Directions for this task =>
Leaving out every picture, copy the lines of the material below exactly, from the line containing "Wii Mikrofon leihen" through the line containing "Apple releases OS".

Entries provided =>
Start of Block

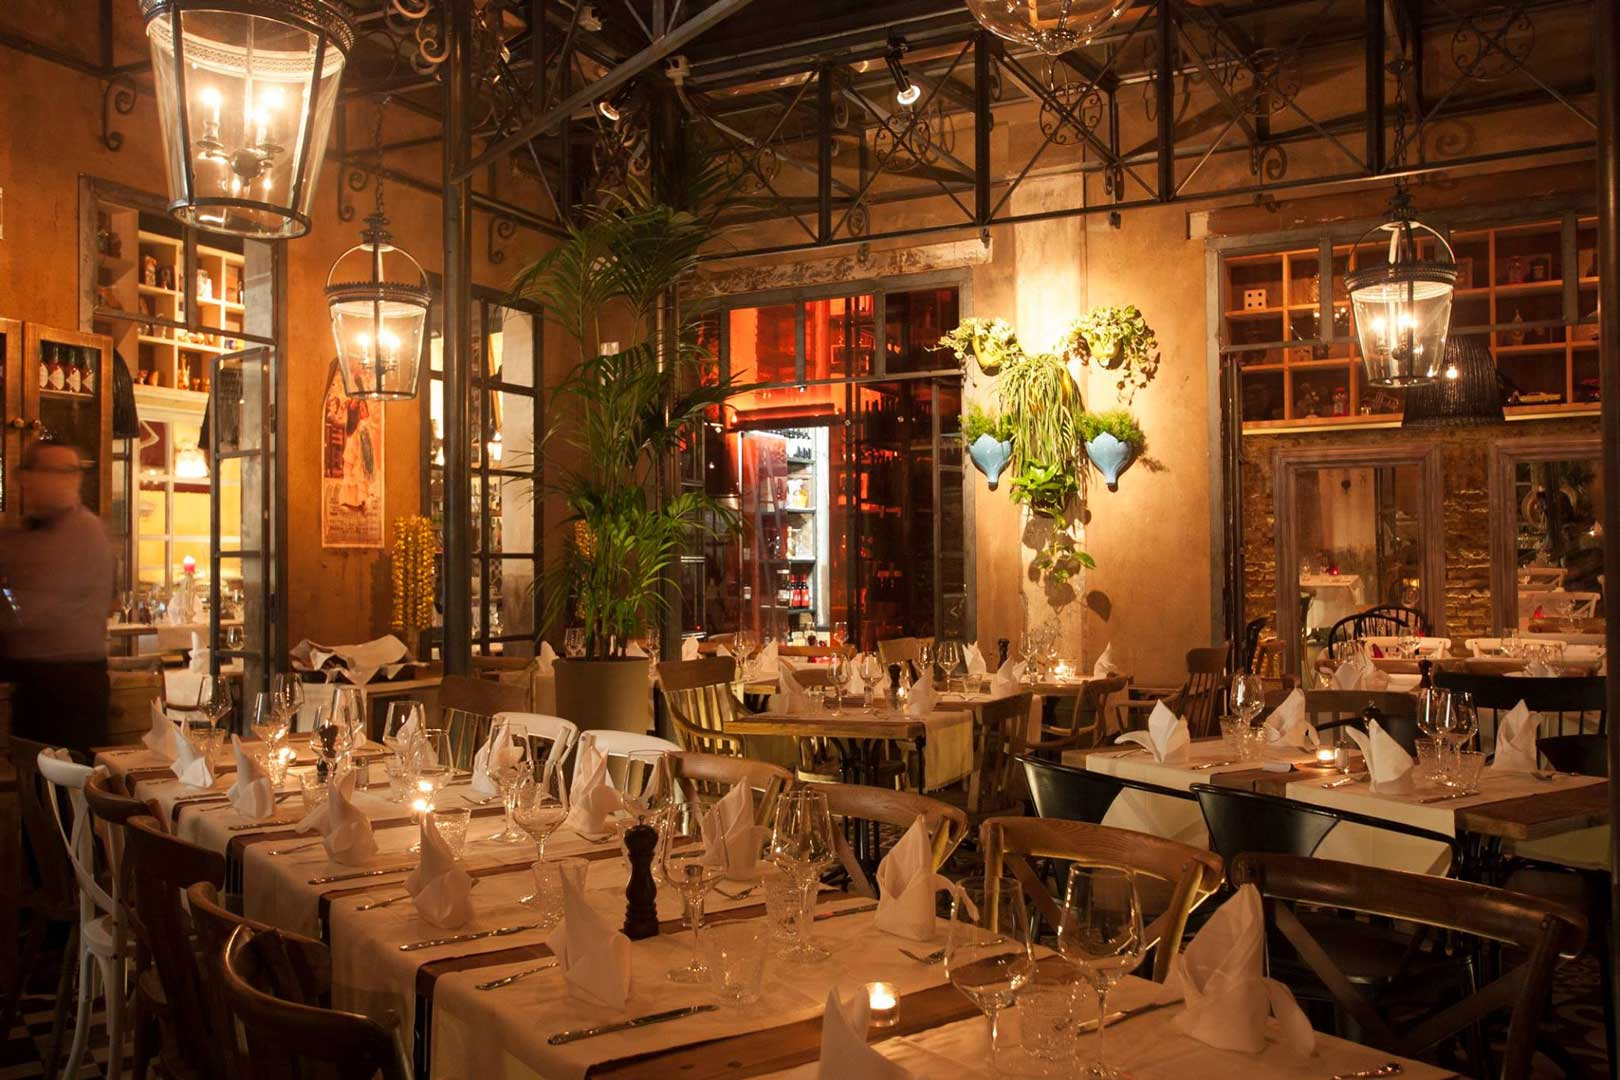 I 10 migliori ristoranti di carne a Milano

End of Block
Start of Block

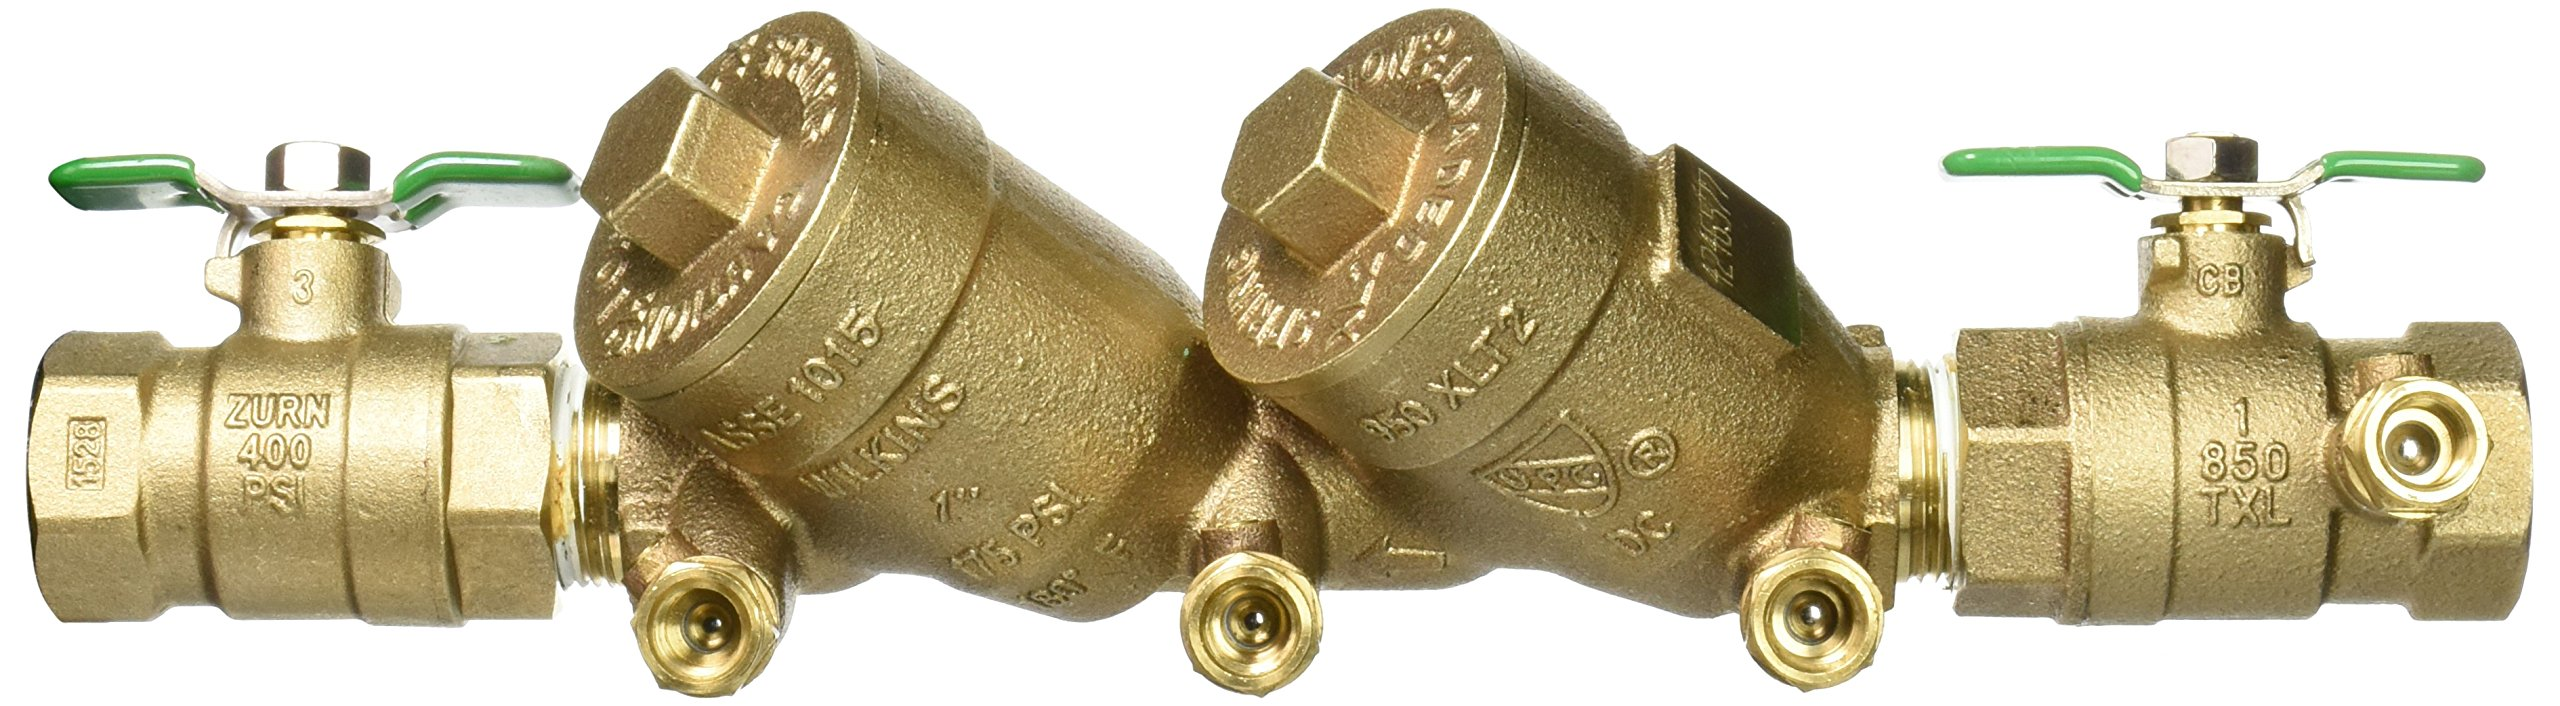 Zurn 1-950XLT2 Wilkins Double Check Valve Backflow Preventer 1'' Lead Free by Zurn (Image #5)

End of Block
Start of Block

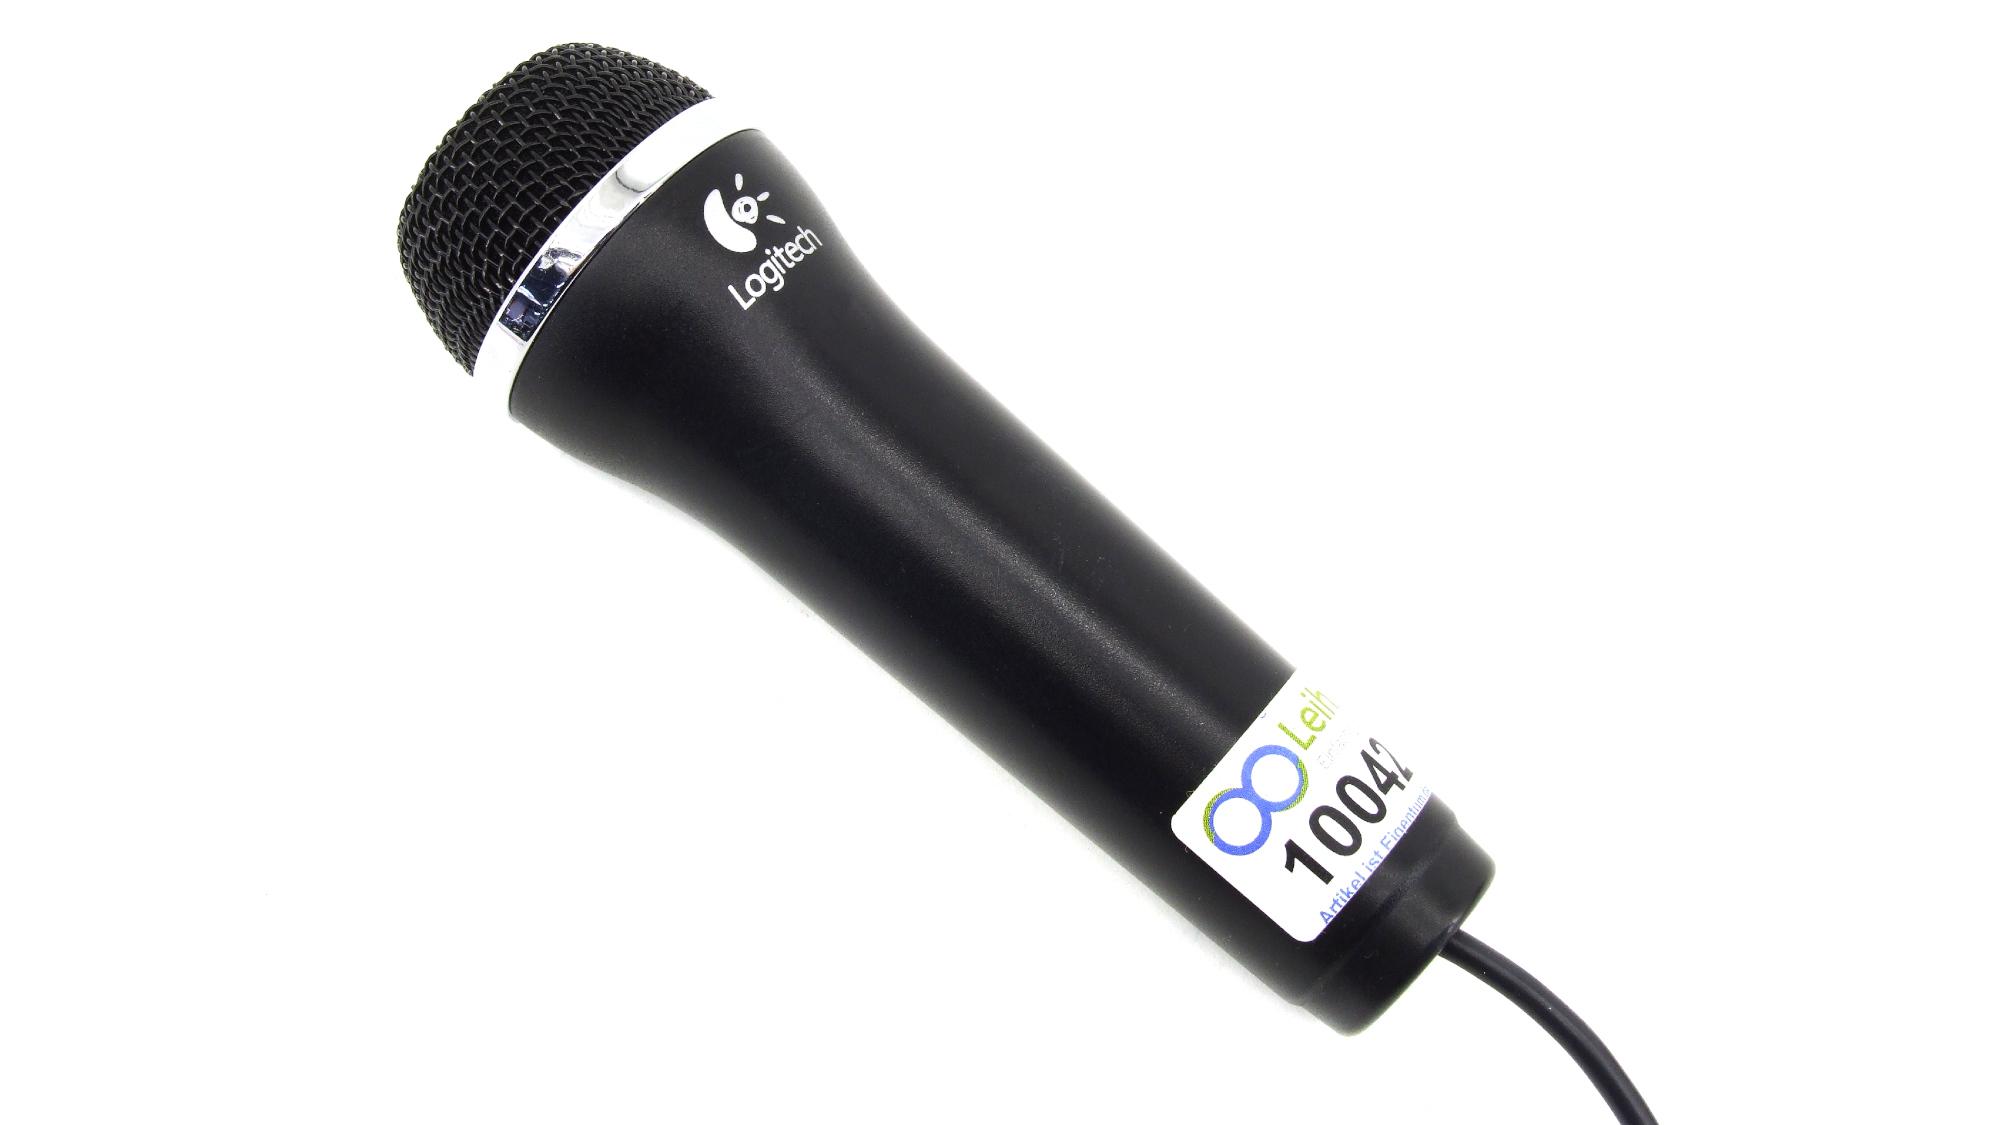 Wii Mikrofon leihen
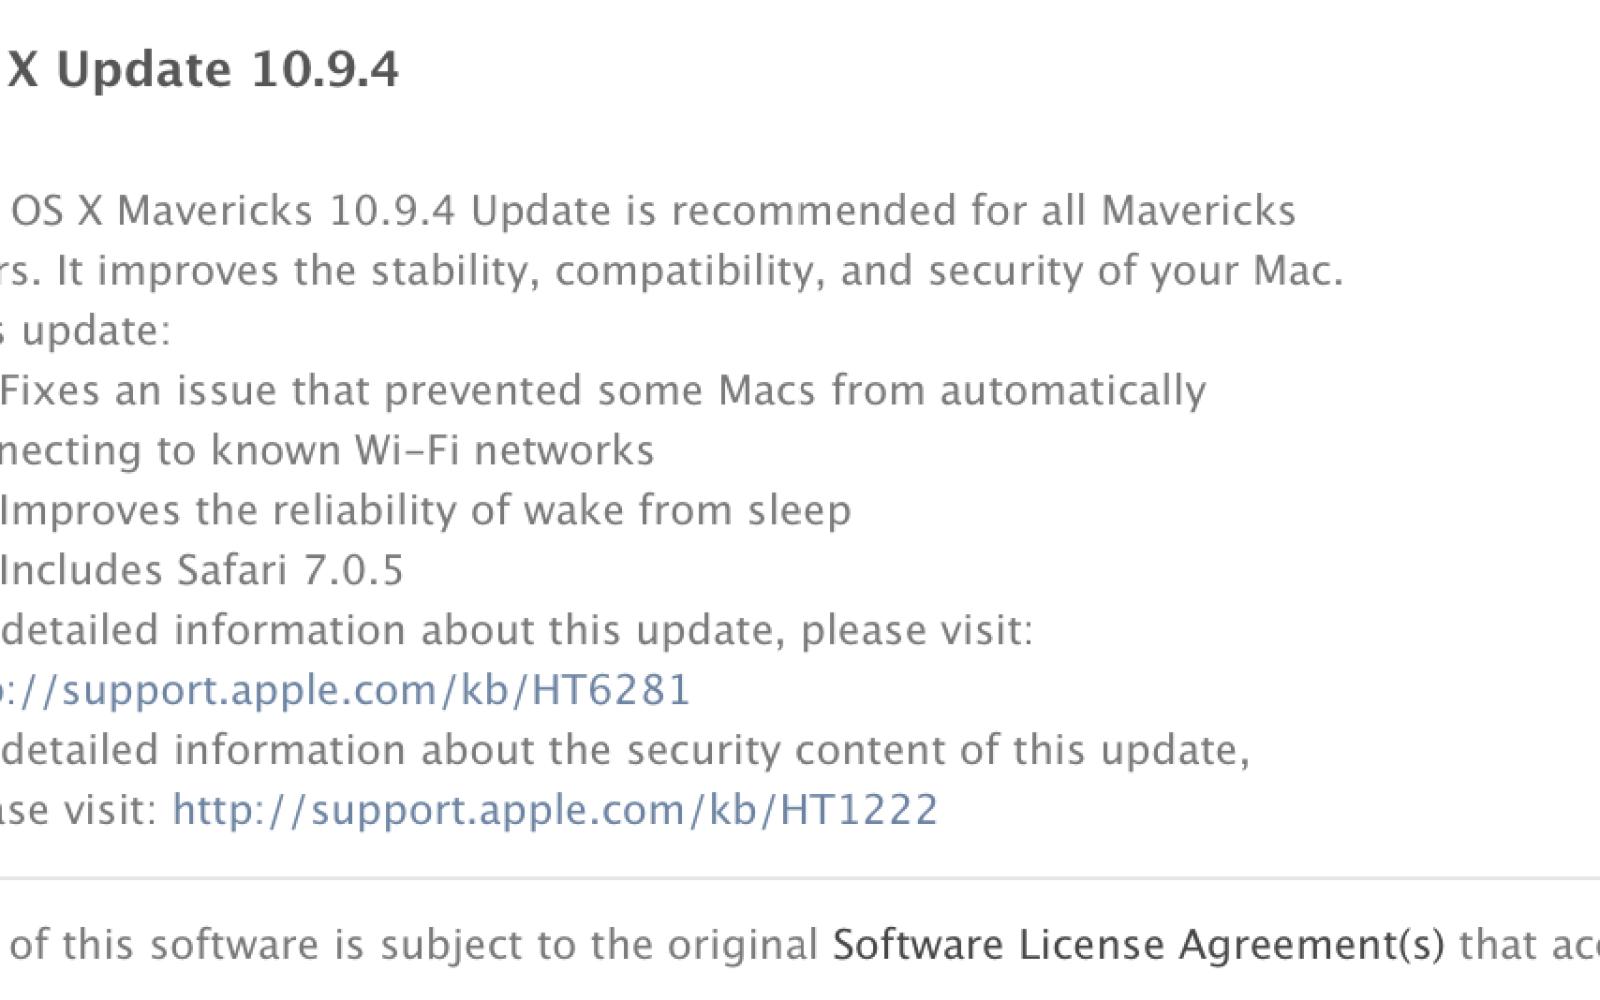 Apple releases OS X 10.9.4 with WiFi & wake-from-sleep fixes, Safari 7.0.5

End of Block

Answer section =>
 Wii Mikrofon leihen
 Apple releases OS X 10.9.4 with WiFi & wake-from-sleep fixes, Safari 7.0.5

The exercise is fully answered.